Meta-learning with Latent Embedding Optimization (2019)

Contents

  1. Abstract
  2. Introduction
  3. Methodology
    1. Problem Definition
    2. Model
    3. Zero-shot Learning
    4. Network Architecture


0. Abstract

Gradient-based Meta-Learning techniques의 어려움 :

  • HIGH-dimensional parameter space in LOW-data regimes에서 작동할 때!


이 논문에서는 위의 문제를 다음의 방식으로 극복함

  • learn a data-dependent “latent generative representation” of model parameters
  • perform gradient-based meta-learning in this “low-dimensional latent space”

\(\rightarrow\) LEO (Latent Embedding Optimization)을 제안한다


1. Introduction

LEO (Latent Embedding Optimization)의 2가지 장점

  • 1) Initial parameters for a new task are “conditioned on the training data”,

    which enables “task-specific starting point”

  • 2) by optimizing in the LOWER-dimensional input, can be done more “EFFICIENTLY”


2. Model

2-1. Problem Definition

Settings & Notation

  • 가정 : N-way K-shot
  • task instance \(T_i\)는 task distribution \(p(T)\)에서 sample됨

  • t개의 task : \(T_1\) ,…\(T_t\) ( 이들은 train/valid/test로 구분)

    • \(T_1\) ~ \(T_m\) : train task ( training meta-set= \(S^{tr}\) )
    • \(T_{m+1} \sim T_n\) : validation task ( validation meta-set= \(S^{val}\) )
    • \(T_{n+1} \sim T_{t}\) : test task ( test meta-set= \(S^{test}\) )
  • 위의 각 세 세트의 데이터들은, 다음으로 구분

    ex) \(S^{tr} = (D^{tr}, D^{val}, D^{test})\)

    • \(\mathcal{D}^{t r}=\left\{\left(\mathbf{x}_{n}^{k}, y_{n}^{k}\right) \mid k=1 \ldots K ; n=1 \ldots N\right\}\).
  • 헷갈리지 말기!

    • \(D^{val}\) : used to “optimize loss function”
    • \(S^{val}\) : used for “model selection”


2-2. MAML ( MODEL-AGNOSTIC META-LEARNING )

Goal :

  • aims to find a “single set of params \(\theta\)“,

    which uses a “few” optimization steps,

    that can be successfully “adapted to any novel task”


Notation

  • task-specific model parameters : \(\theta_{i}^{\prime}\)

  • \(\theta_{i}^{\prime}=\mathcal{G}\left(\theta, \mathcal{D}^{t r}\right)\) ( 여기서 \(\mathcal{G}\) 는 gradient descent & \(D^{tr}\)는 task \(i\)에 해당하는 dataset )

  • task별 updating equation : ( = adaptation procedure )

    \(\theta_{i}^{\prime}=\theta-\alpha \nabla_{\theta} \mathcal{L}_{\mathcal{T}_{i}}^{t r}\left(f_{\theta}\right)\).

    • \(\alpha\) : can be meta-learned ( ex.
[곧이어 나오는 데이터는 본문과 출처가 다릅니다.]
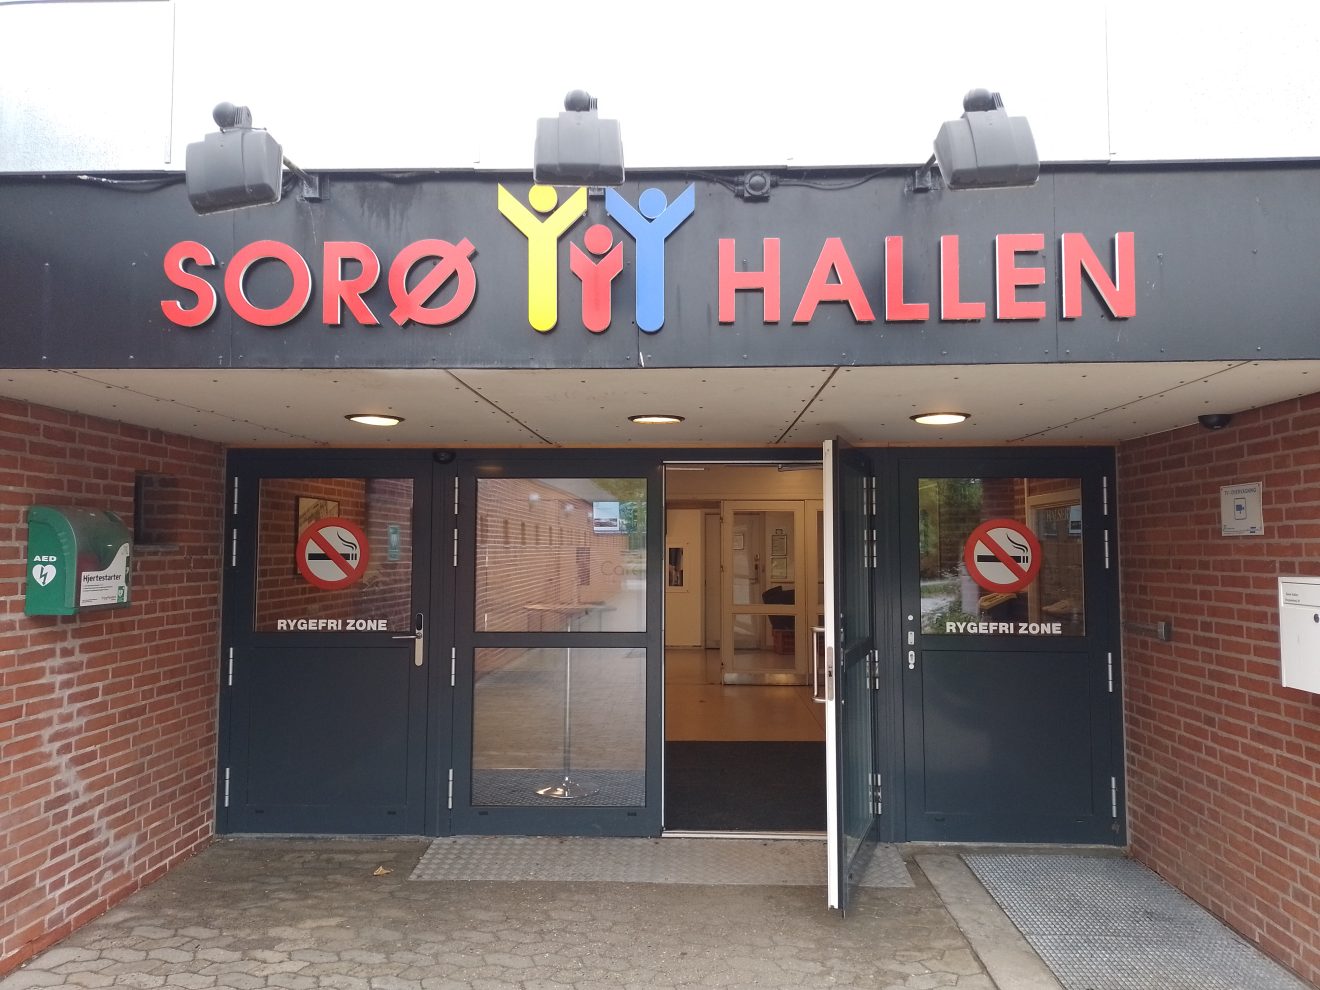 Flere medlemmer i idrætsforeningerne i Sorø Kommune

Meta-SGD, 2017 )
  • meta parameter의 updating equation :

    \(\theta \leftarrow \theta-\eta \nabla_{\theta} \sum_{\mathcal{T}_{i} \sim p(\mathcal{T})} \mathcal{L}_{\mathcal{T}_{i}}^{v a l}\left(f_{\theta_{i}^{\prime}}\right)\).


2-3. LEO (Latent Embedding Optimization) for Meta-Learning

high-dimension에서 벗어나서 low-dimension에서 GD가 이루어지면 GOOD!
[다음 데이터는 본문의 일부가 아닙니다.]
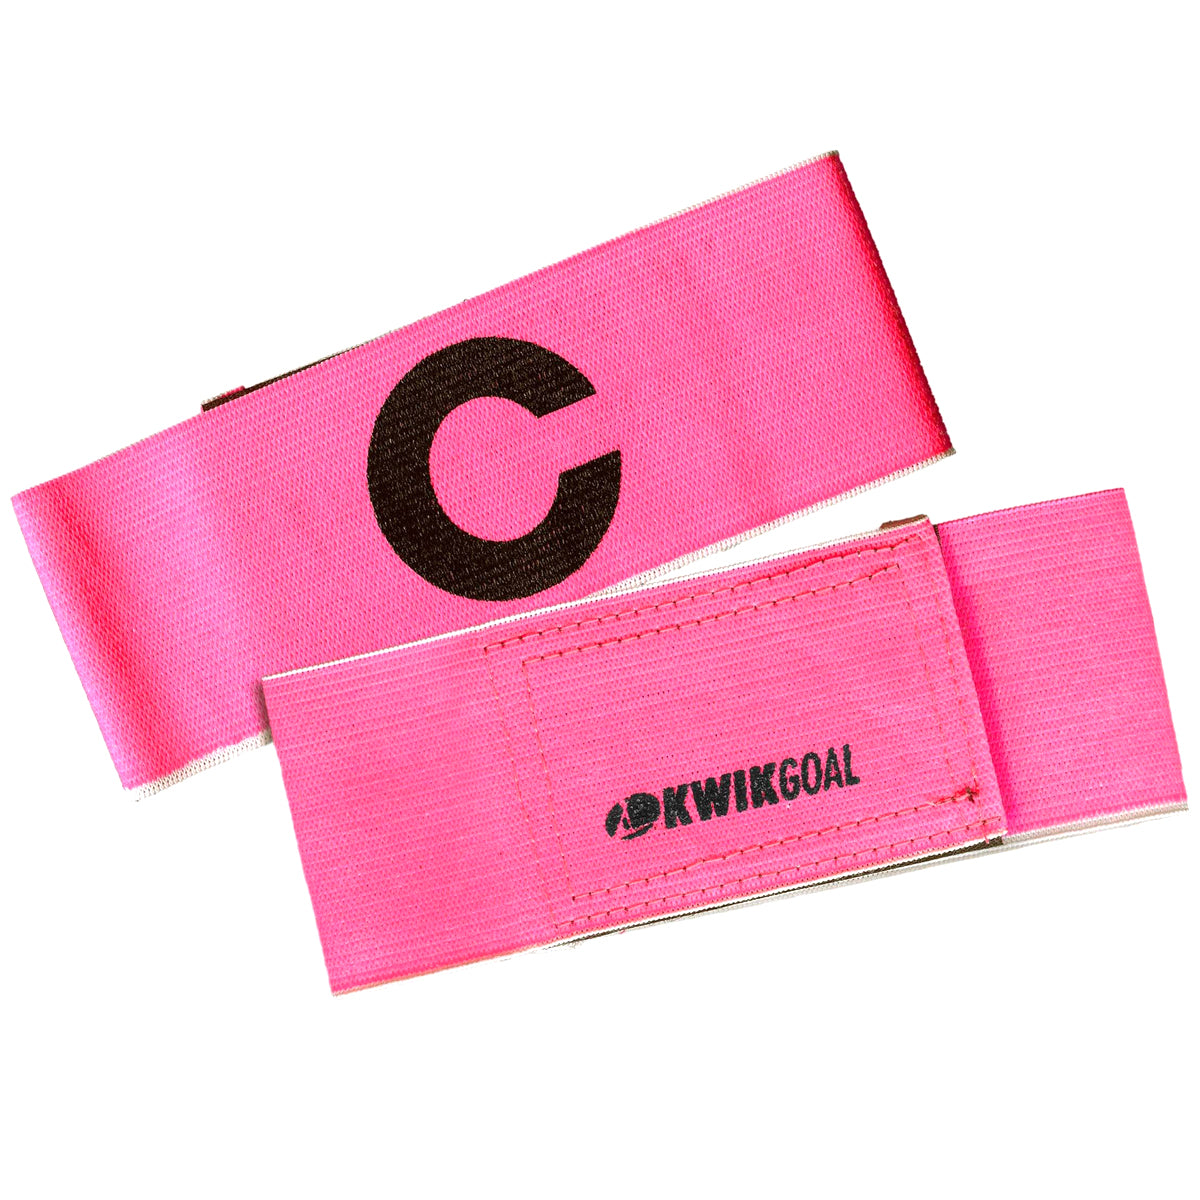 Kwikgoal Captain "C" Arm Bands | 19B12 Training equipment Kwikgoal High-Vis Pink

\(\rightarrow\) achieve this by learning a “STOCHASTIC LATENT SPACE” with an information bottleneck, conditioned on the input data


MAML vs LEO

  • MAML : learn unique set of model parameters \(\theta\)

  • LEO : learn a “generative distribution” of model parameters


(1) Model Overview

figure2


Parameter

  • Encoder 부분 : encoder (\(\phi_e\)) + relation network (\(\phi_r\))

  • Decoder 부분 : decoder (\(\phi_d\))
  • learning rate : \(\alpha\)
  • [종합] \(\phi = \phi_e, \phi_r, \phi_d, \alpha\)


Algorithm

Randomly initialize \(\phi_{e}, \phi_{r}, \phi_{d}\) Let \(\phi=\left\{\phi_{e}, \phi_{r}, \phi_{d}, \alpha\right\}\)

given task instance \(T_i\) ( = \((D_{tr}, D_{val}\) ) )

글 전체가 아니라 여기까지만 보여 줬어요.